As the cacophony sought to drown Wood out, one woman — who was later discovered to be Wood’s friend and town native – was heard shouting: “Let the girl talk; freedom of speech.”
Then, the discomfort reached a crescendo when Wood made the most serious allegation about Prime Minister Gonsalves.
Addressing the Vincentian leader directly – who was at the podium on the elevated stage; his wife, Eloise, sitting to his right at the head table – Wood blurted out: “I am a young lady.
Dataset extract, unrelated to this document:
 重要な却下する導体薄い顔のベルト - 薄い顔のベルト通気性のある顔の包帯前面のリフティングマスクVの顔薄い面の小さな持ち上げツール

I was 15 years old when I walked up to your office, and you attacked me.”
While Wood did not state how she was attacked, most in the audience could not believe their ears. Some hung their heads down, while others put their hands on their jaw, but most shouted back at Wood, disputing her allegation.
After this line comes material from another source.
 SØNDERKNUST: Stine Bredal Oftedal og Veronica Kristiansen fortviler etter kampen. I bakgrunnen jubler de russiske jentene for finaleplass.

It took a few minutes for the moderator of the town hall meeting, Vaughan Toney, president and chief executive officer of the Friends of Crown Heights Educational Center, at the urging of some members of the audience, to restore order.
Amid the dissonance and serious allegation, the prime minister stood at the podium, remaining very calm and composed.
Then, he simply answered Wood: “You made an allegation, and it’s not true.”
He then proceeded to answer Wood’s other query about Sir Louis: “I happen to know Louis Straker is not a citizen of America.”
Sir Louis did not speak at the town hall meeting, but he and Lady Straker walked out shortly after a calypsonian, shockingly, blurted out an “F bomb” when asking a question.
It was not clear what was said to Vincent Kennedy, who carries the calypso sobriquet “Groovy D,” while he was asking his question, but Kennedy, who suffered a stroke a few years ago, lost his cool in issuing the profanity, taking his seat immediately afterwards.
His outburst left the audience in shock, and it took some doing by the moderator to restore calm.
Despite the firestorm of allegations and outbursts, Prime Minister Gonsalves, as is customary, proceeded to give detailed answers to a slew of questions that ranged from allegations of medical negligence at the Milton Cato Memorial Hospital in Kingstown, the Vincentian capital, to land acquisition, to law and order.
The town hall meeting that started at about 7:30 pm ended at 11:17 pm.
Many, however, stood around past midnight, as the prime minister — whose primary mission to New York was to address the United Nations General Assembly Debate on Friday — greeted them and listened to their personal concerns.
“One of the things I learned from Dr. Gonsalves tonight is how to handle pressure,” said Sehon Marshall, former deputy New York consul general, now a minister counsellor at the St. Vincent and the Grenadines Mission to the United Nations, in giving the vote-of-thanks.
“Despite pressure, he maintained his composure,” added Marshall about Gonsalves.
In the immediate aftermath of Saturday’s town hall meeting, many ULP and NDP supporters took to the social medium, Facebook, to voice their opinions.
As expected, NDP supporters hailed Wood’s allegations, while ULP supporters denounced them vehemently.
Some ULP supporters also posted photos of Wood warmly embracing Prime Minister Gonsalves, at a town hall meeting, at the Friends of Crown Heights Educational Center in 2014.